From 12 April, we know that something getting closer to the notion of a holiday will be legal: an overnight stay away from home. But it must be in “self-contained accommodation”, which means a place that does not require “shared use of bathing, entry/exit, catering or sleeping facilities”.

That rules out Center Parcs, then, I concluded when I studied the wording. While the accommodation in these leafy holiday villages is splendidly self-contained, each of the five UK sites is a swimming/sporting hub. But the company believes it can deliver within the rules , and I daresay others may adopt a looser interpretation of “shared use”. 

The big prize for many of us, though, is going abroad. And all we know for sure is that overseas holidays will not be permitted before 17 May. That doesn’t mean we can be sure of a European escape on that magic Monday.
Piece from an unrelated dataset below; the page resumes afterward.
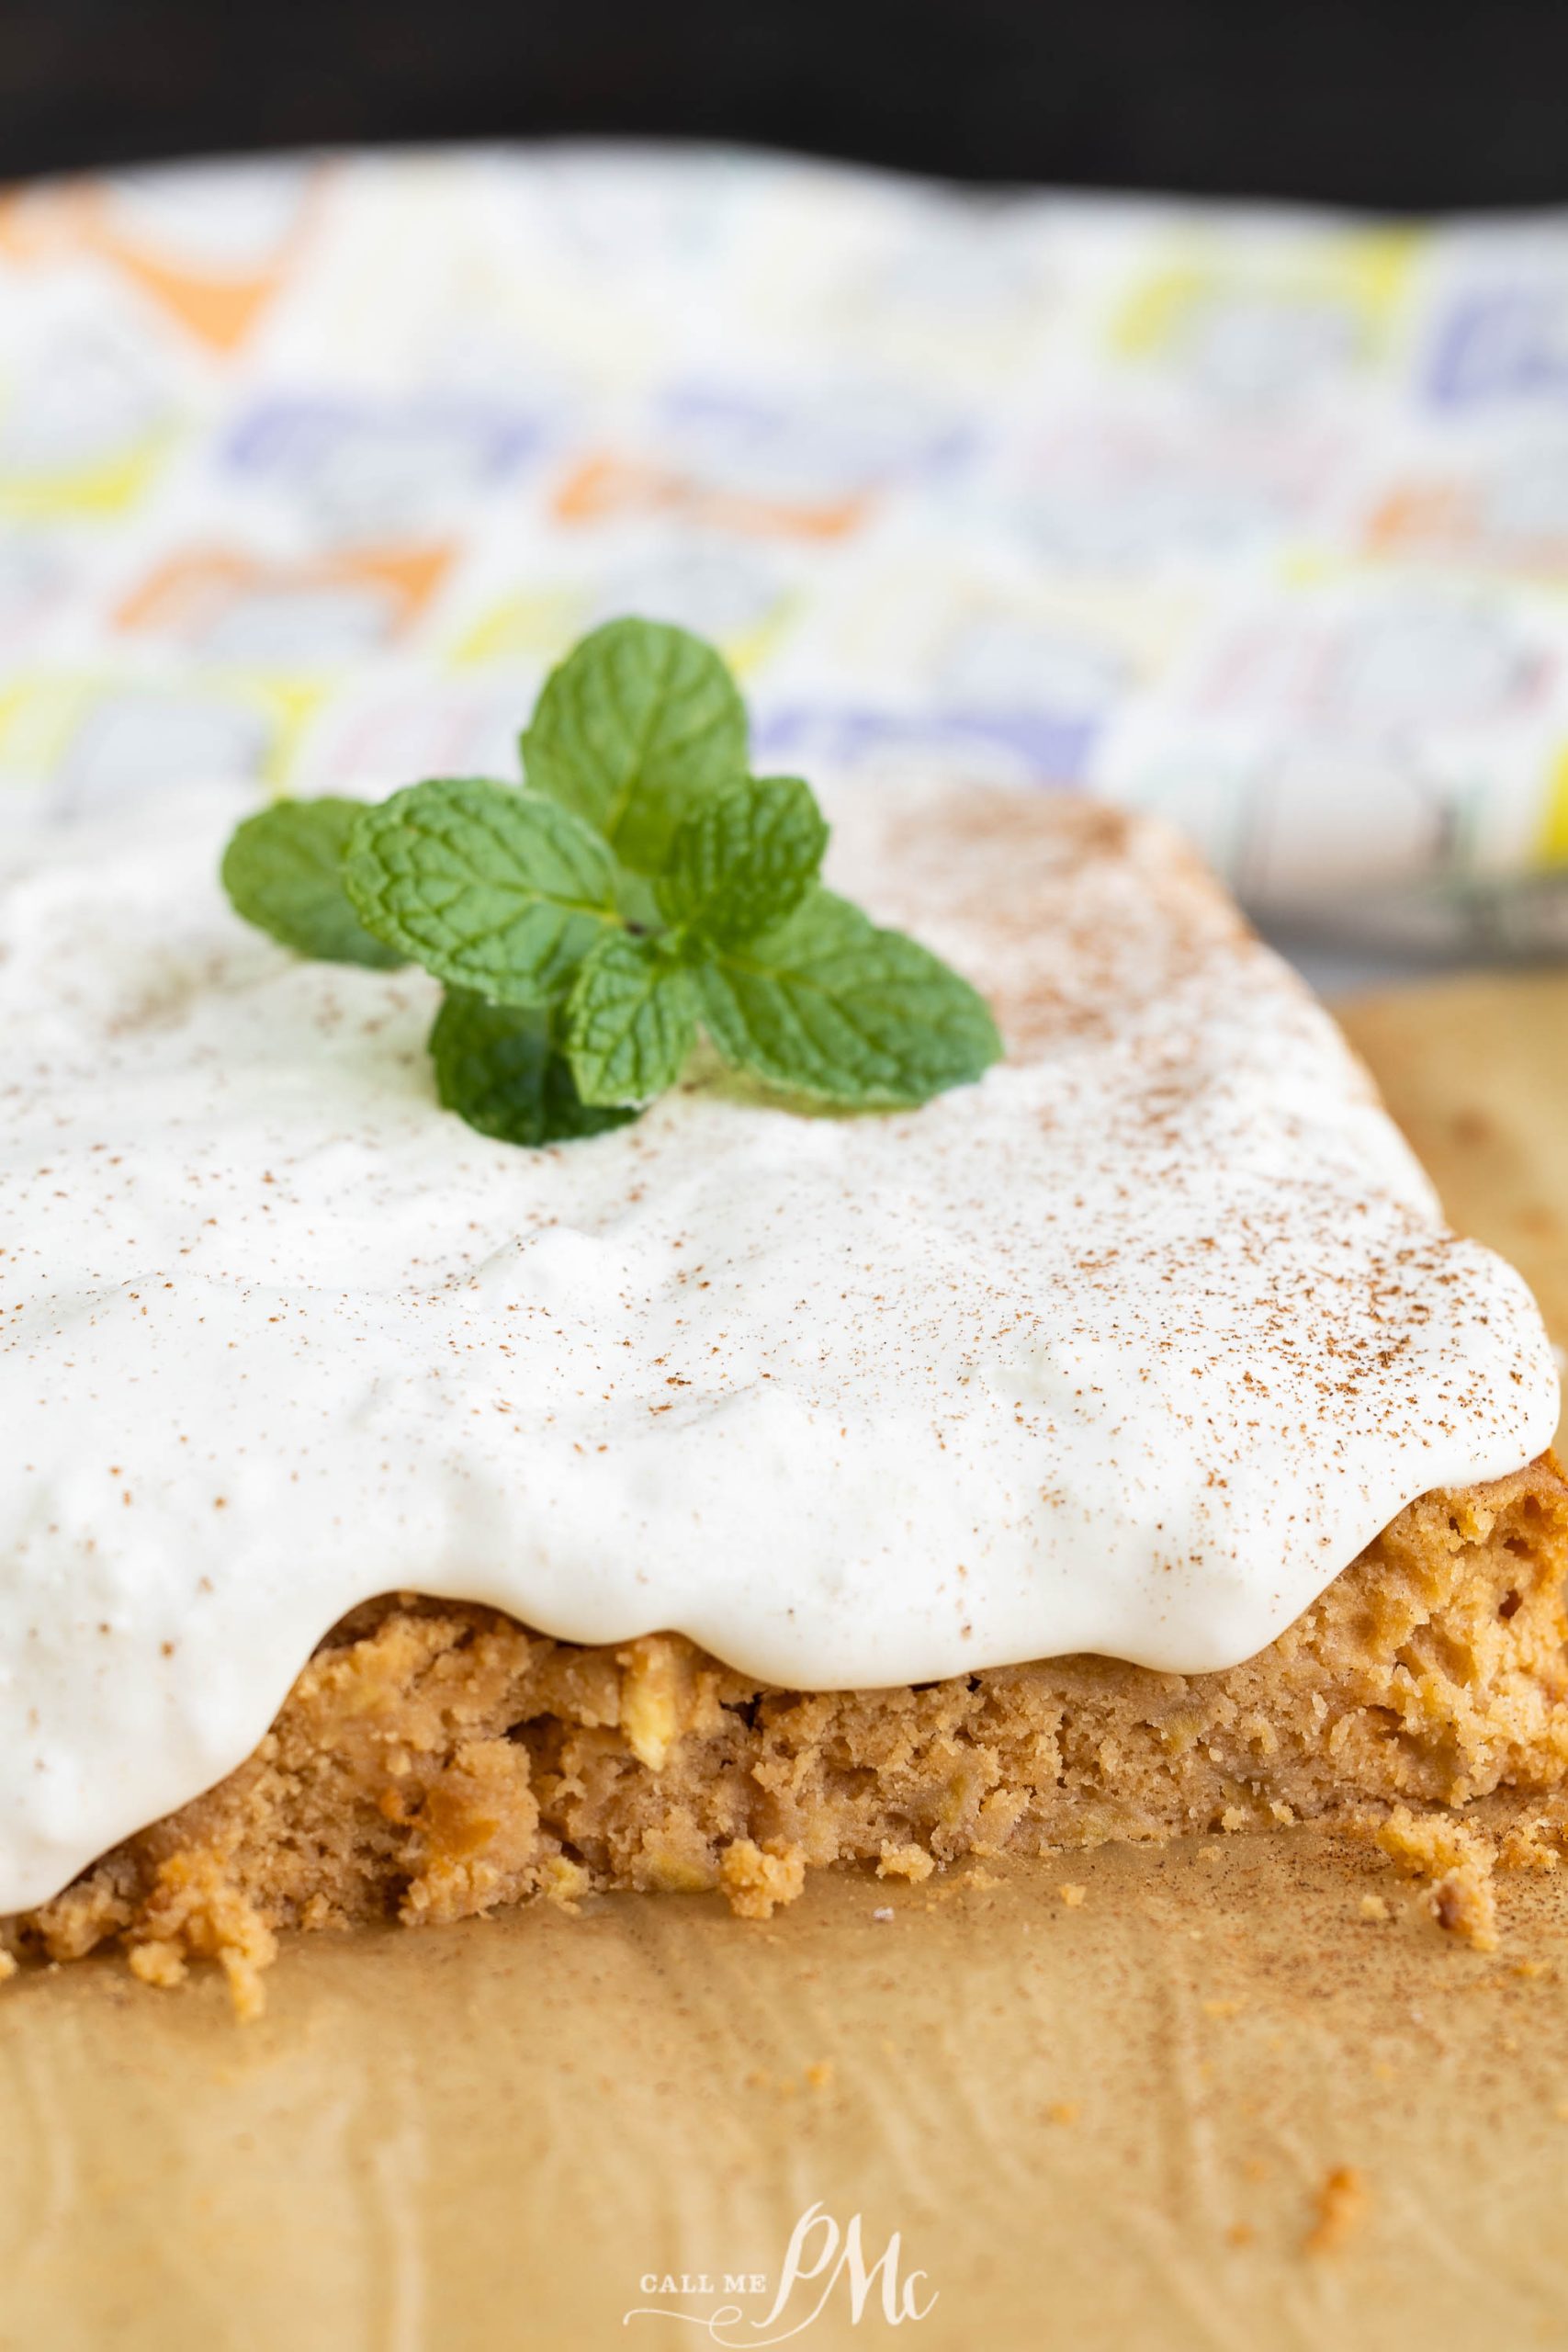 A slice of pumpkin cake with whipped cream and mint leaves.

For a start, the destination must be happy to accept us. (The magnificent vaccine roll-out may help, with the image of British travellers potentially transformed from the sick men and women of Europe to the most in-demand boys and girls of summer.) And the extraordinary array of tests and quarantine that awaits returning holidaymakers must be untangled.

“There will come a point where these restrictions will need to be superseded by a more facilitative model,” the document concludes. To translate from bureaucratese: We’re all going on a summer holiday – we just don’t know where, when or how.